WORK ITEM =
Print every line below exactly. Skip the pictures.

--- DATA SEGMENT ---

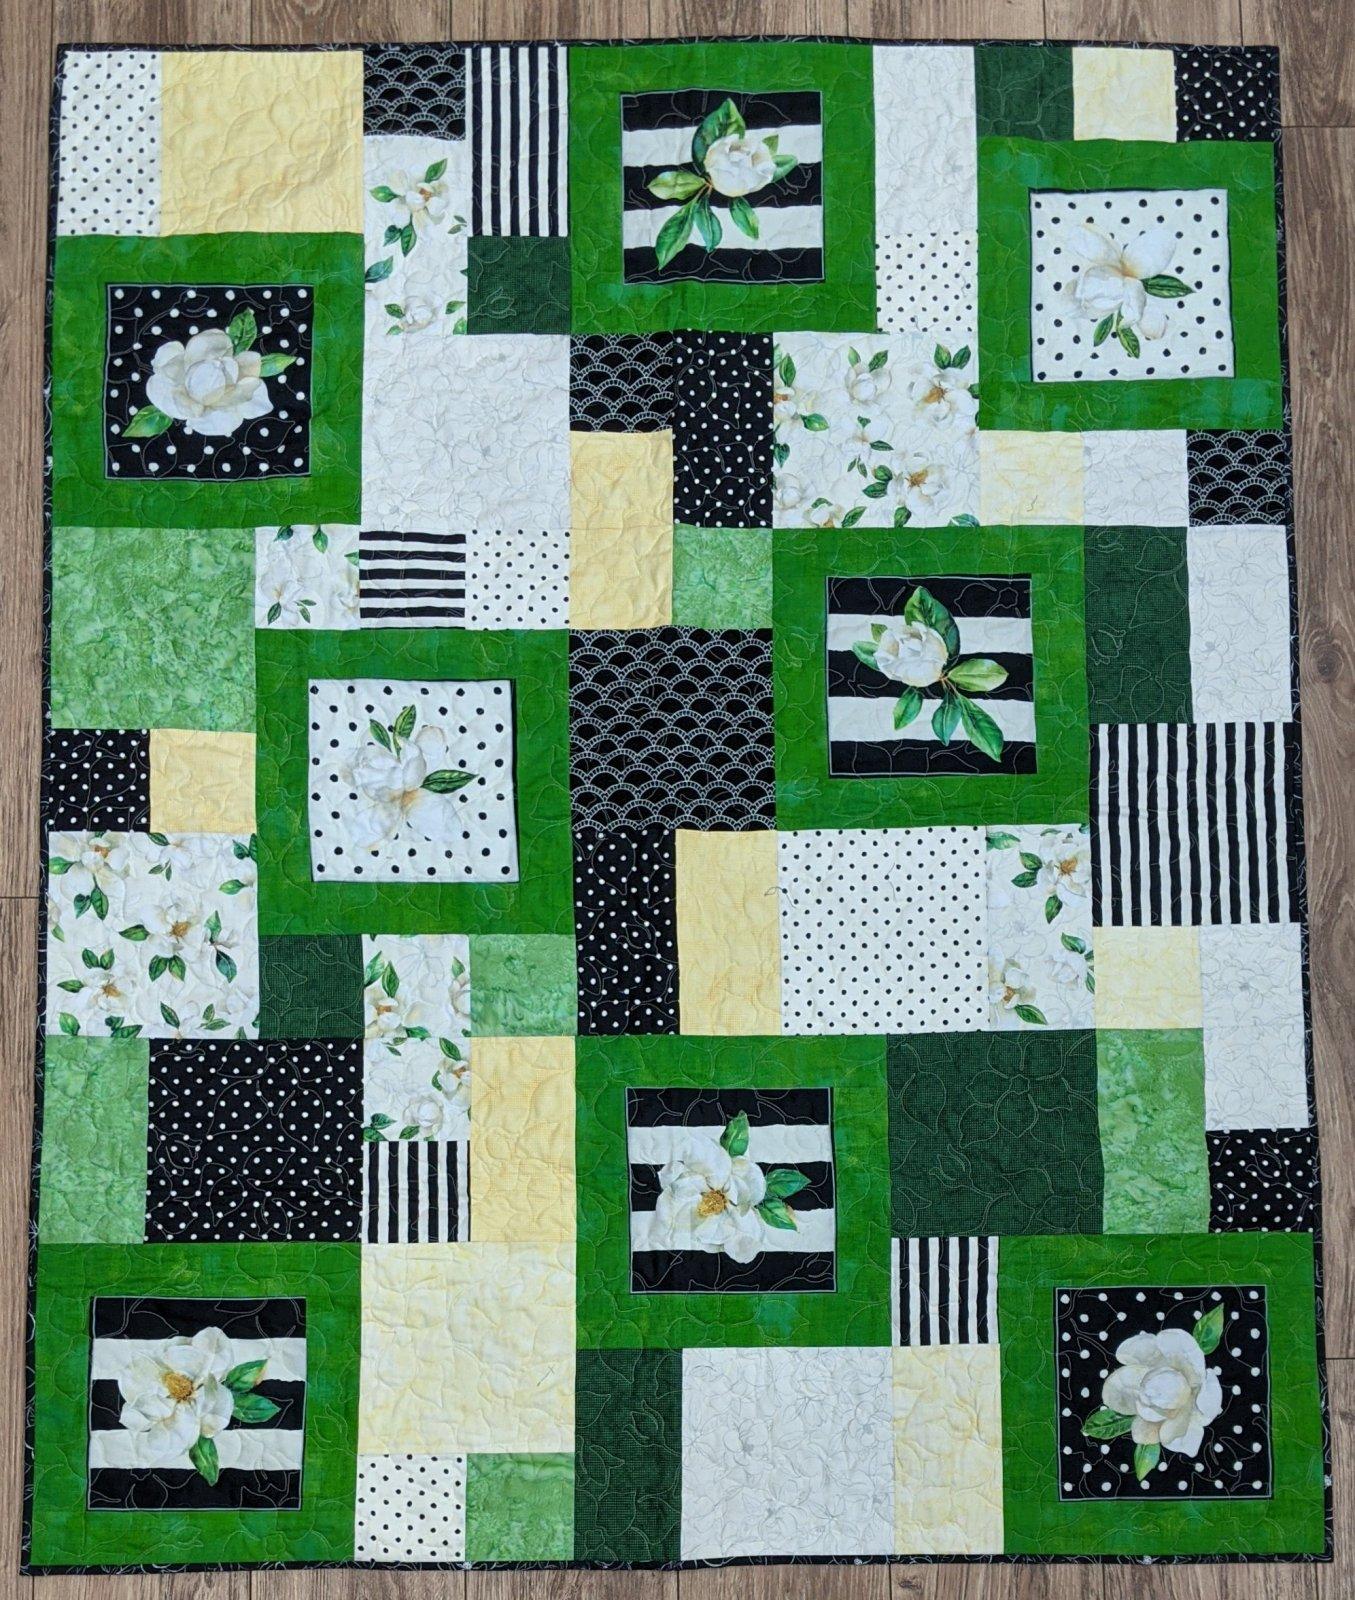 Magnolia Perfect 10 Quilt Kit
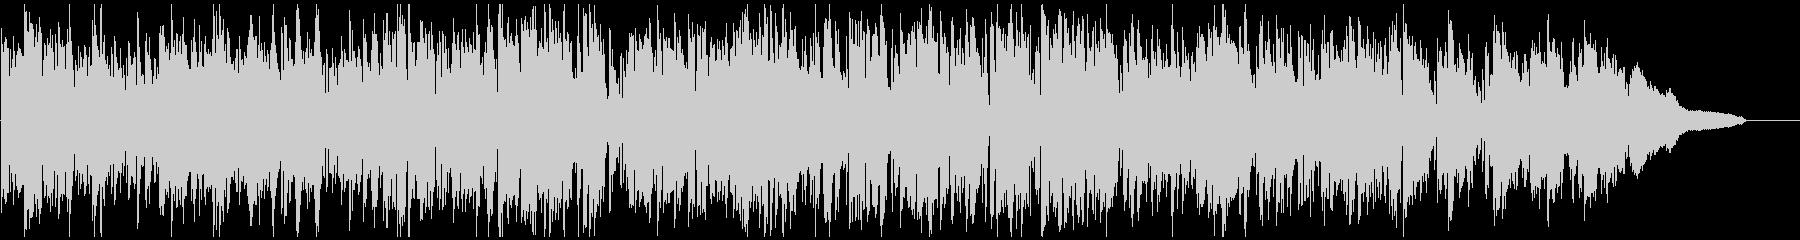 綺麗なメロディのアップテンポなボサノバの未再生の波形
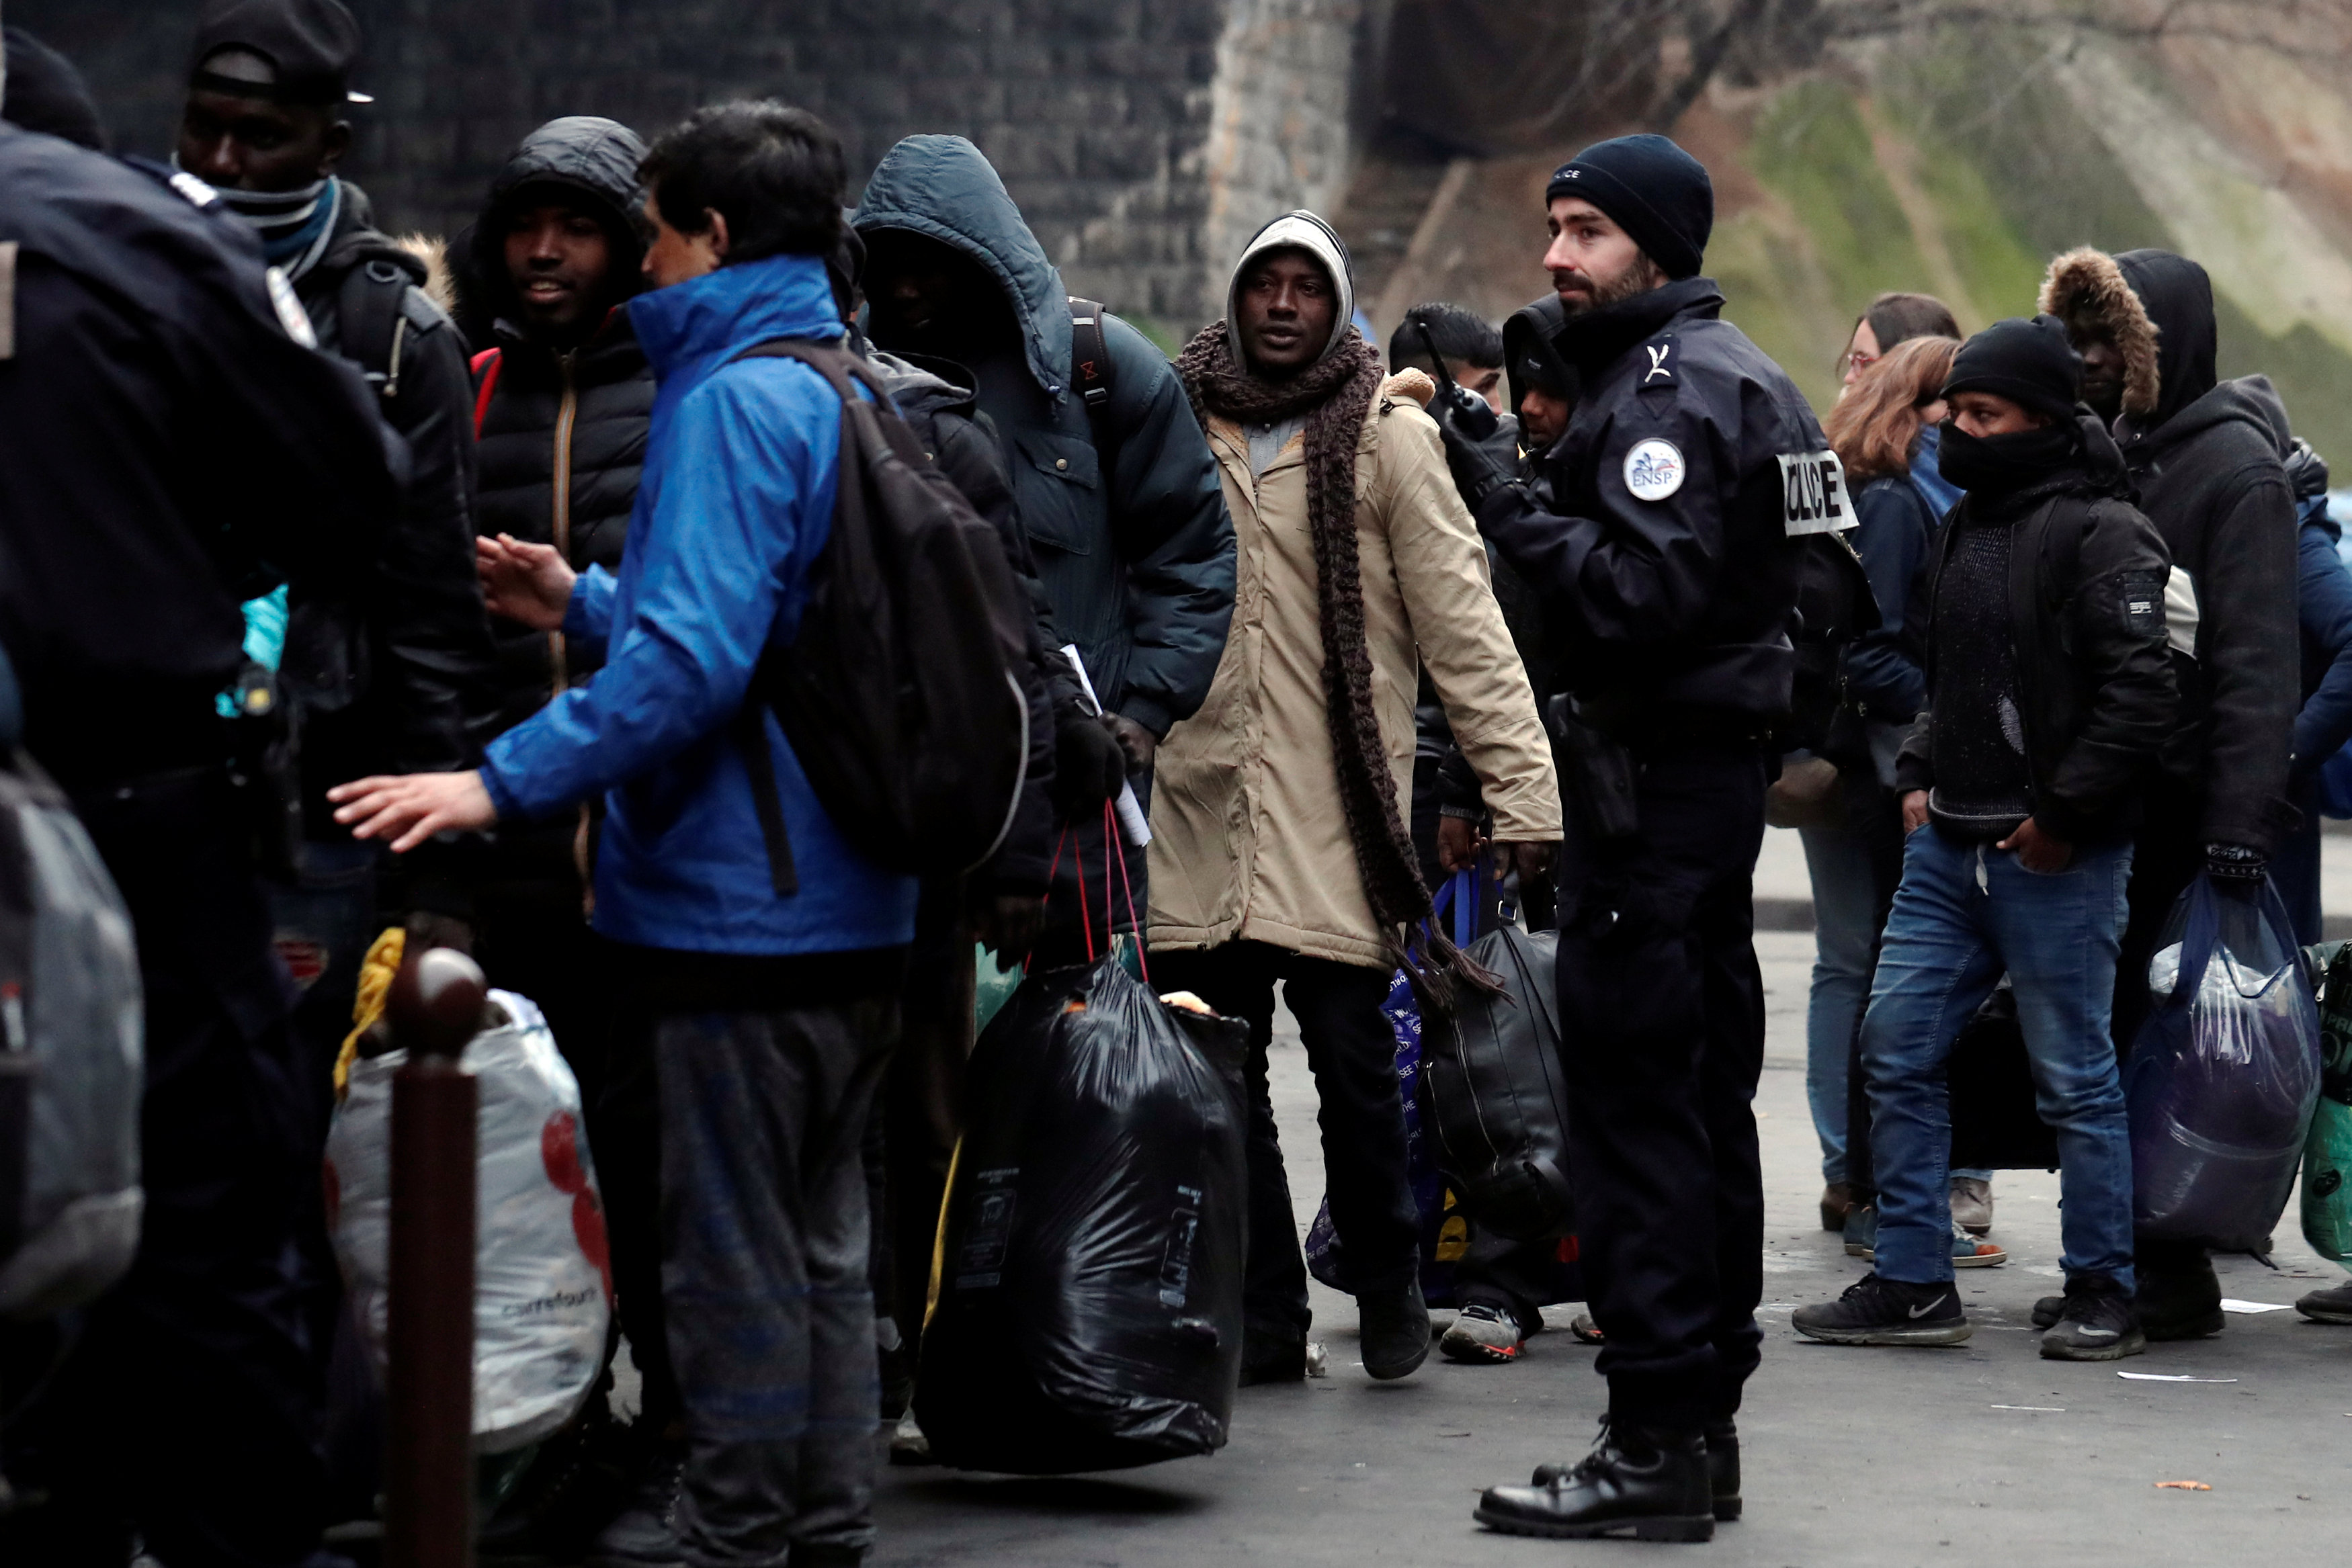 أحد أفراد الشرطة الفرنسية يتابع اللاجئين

---

SOLVED EXERCISE =
 Magnolia Perfect 10 Quilt Kit
 綺麗なメロディのアップテンポなボサノバの未再生の波形
 أحد أفراد الشرطة الفرنسية يتابع اللاجئين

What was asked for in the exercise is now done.